Нет, один мужчина, кроме супруга, был ей очень приятен. Как увидела его в первый раз, так и ощутила сладкий холодок в самом сердце: ах, какой пригожий и умный, обаянию лица радуется глаз, а красивые и складные речи ублажают ухо. Князь Владимир Андреевич был хотя и молодцеватее, и ретивей, но проще в мыслях, кроме воинского и постельного дела ничего не умел. А Елена Ольгердовна, в доме отца воспитанная на книжных премудростях, ставила учёность выше физических доблестей. И беседы со своим тайным сердечным другом доставляли княгине немалое удовольствие. Но она и помыслить не могла ни о чём большем. Даже самой себе (уж не говоря о духовнике — Афанасии Высоцком) не желала признаться, что какой-то сторонний человек ей не безразличен. Добрая христианка, женщина ни разу не нарушила ни одну из библейских заповедей. А тем более что у этого мужчины были сын и молодая жена... Совершенно верно: звали её симпатию Феофан Грек.
Смешанное чувство испытала она от известия об измене мужа с новгородкой Марией. Вместе с брезгливостью отчего-то шевельнулось внутри ехидство: Дорифор теперь собрат её по несчастью, оказался рогатый, выбрал себе в спутницы пошлую бабёнку. А спустя два года с горечью отвечала на письмо Софиана, где он спрашивал о судьбе жены и Николеньки, — как сгорели те при ужасном набеге Тохтамыша...
Больше богомаз и княгиня не писали друг другу.
После смерти Донского переехала с детьми из Серпухова в Москву, в Кремль, во дворец Храброго, находившийся за алтарной частью Архангельского собора. С юными Василием Дмитриевичем и Софьей Витовтовной завязала добрые отношения, но особенно тесно сошлась с вдовствующей великой княгиней — Евдокией Дмитриевной Суздальской. Та была такой же ревностной православной, строго соблюдала посты, ездила молиться в дальние и ближние обители, возводила церкви, жертвовала деньги детским приютам. И сама не принимала постриг только потому, что хотела вначале поставить на ноги младших своих детей — малолетних Константина, Софью, Анну, Анастасию и Марью.
Как-то раз обе женщины возвращались с заутрени, проводимой митрополитом по случаю Сретения Господня, и вдова сказала Елене — просто как хорошую новость, без каких бы то ни было намёков, ибо знать не знала об её чувствах:
— Вскорости прибудет к нам из Нижнего твой давнишний приятель — живописец Феофан Грек. Киприан пригласил его расписывать храм в Коломне. Я ж имею и другую задумку: выстроить в Кремле церковь Рождества Богородицы, дабы фрески в ней сотворил сей достойный муж. Как ты смотришь на это, душенька?
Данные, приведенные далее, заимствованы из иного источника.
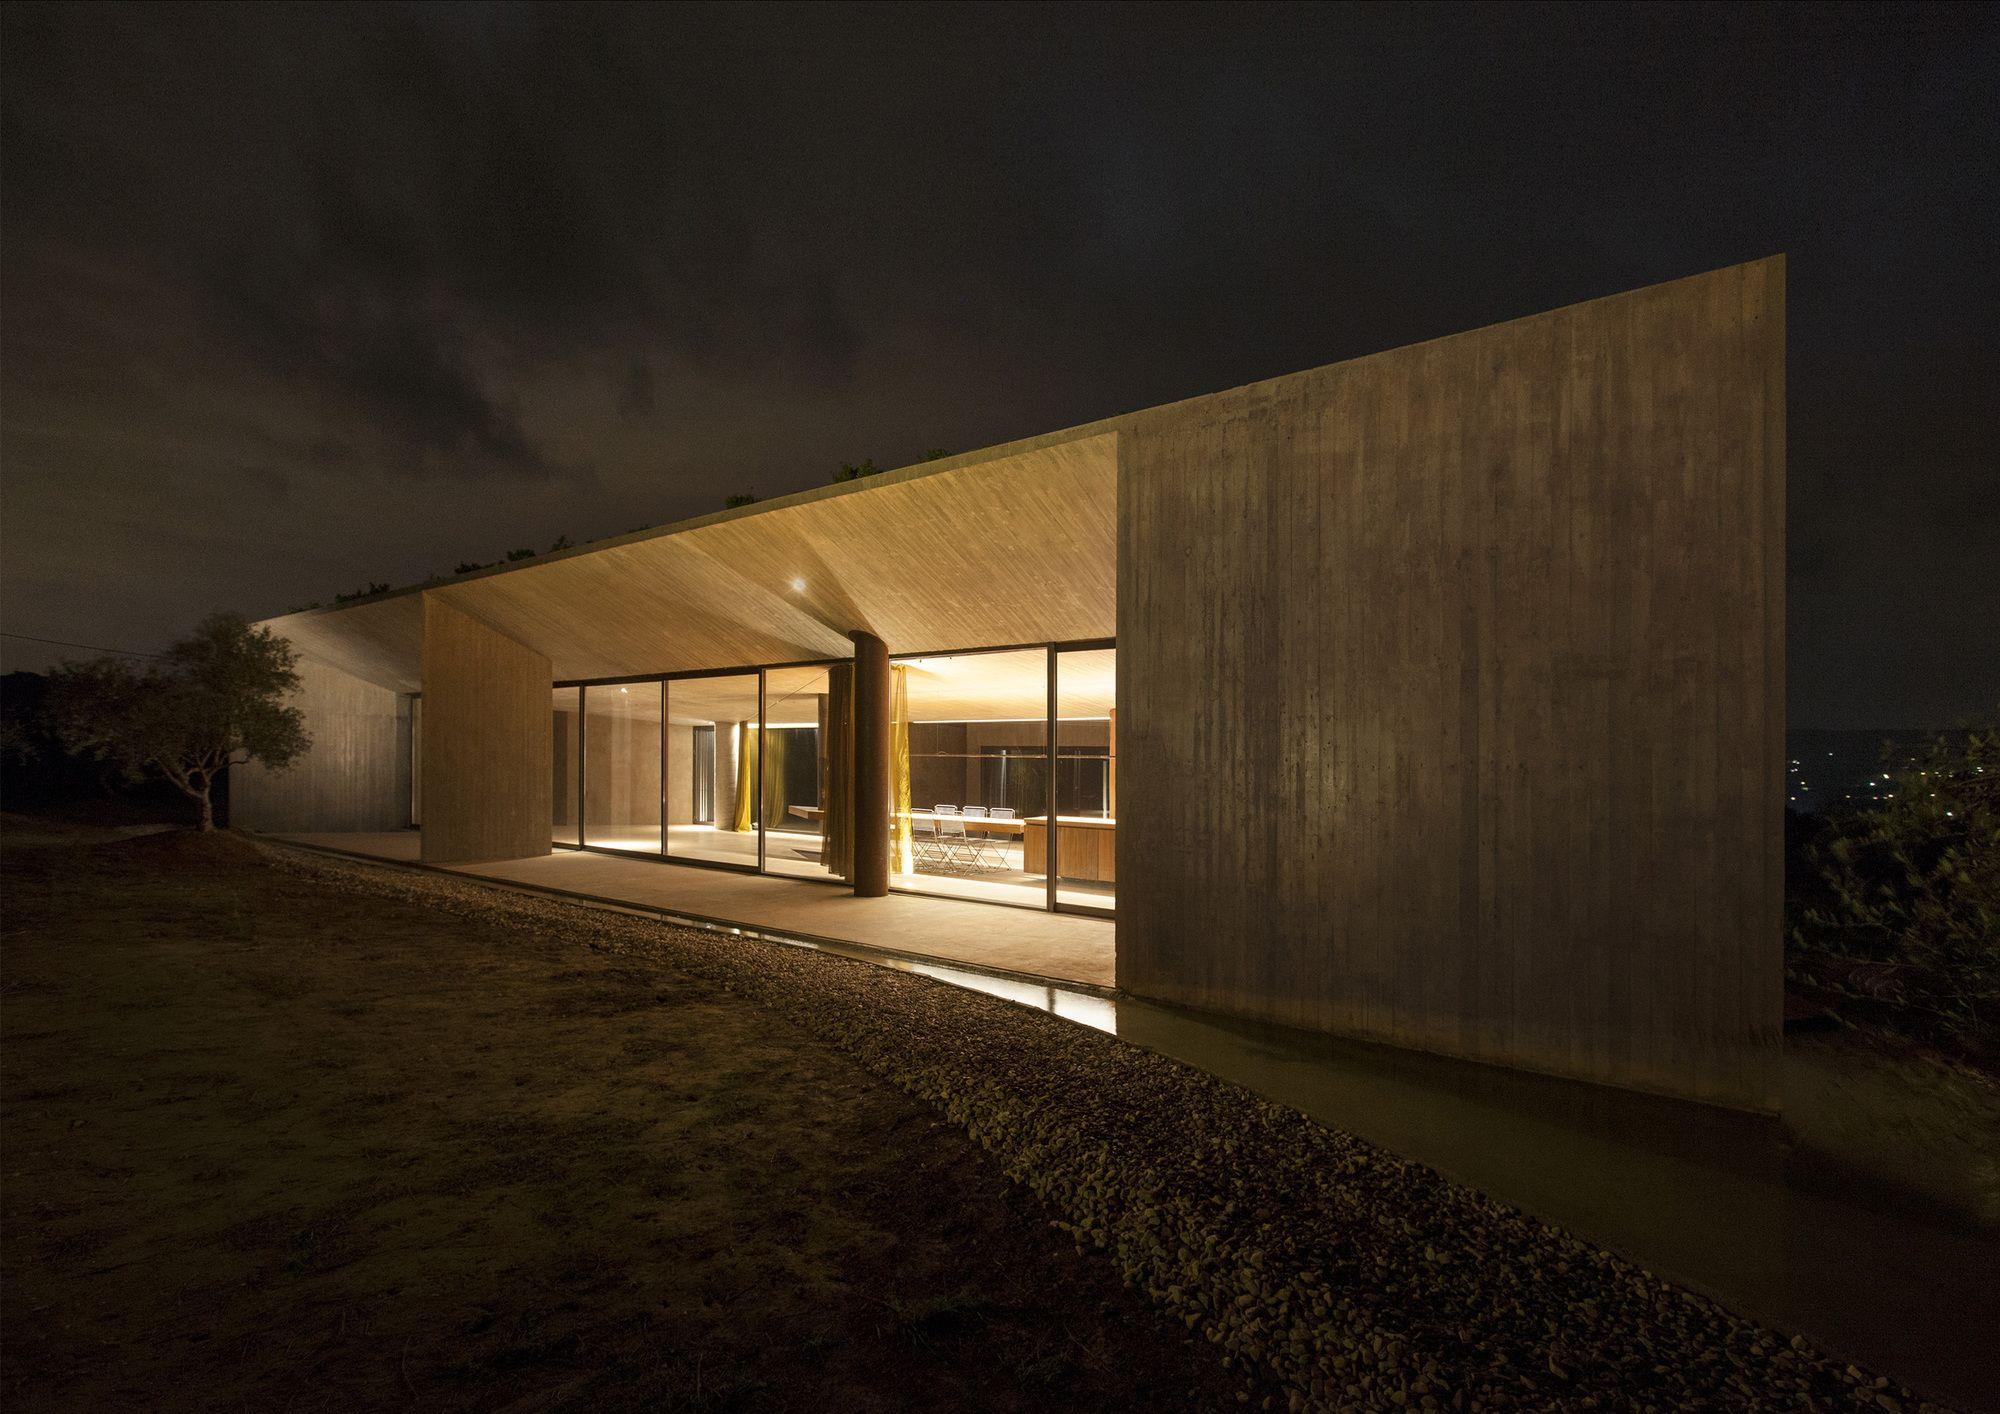 Galería - Residencia en Megara / Tense Architecture Network - 11

В сердце у литовки вновь возник тот забытый с годами сладкий холодок, появившийся при первой её встрече с Дорифором. Улыбнувшись непринуждённо, внучка Гедымина произнесла:
— Очень рада и его возвращению, и твоим великим намерениям. Он искусный иконник и вельми занятный философ. Говорит, как пишет, словеса текут чрезвычайно затейливо.
— Он, по-моему, женат на боярышне из Новгорода Великого?
— Был давно, да его супруга с детьми сгорела при набеге нехристя Тохтамыша. Старший сын тоже умер — вроде от чахотки...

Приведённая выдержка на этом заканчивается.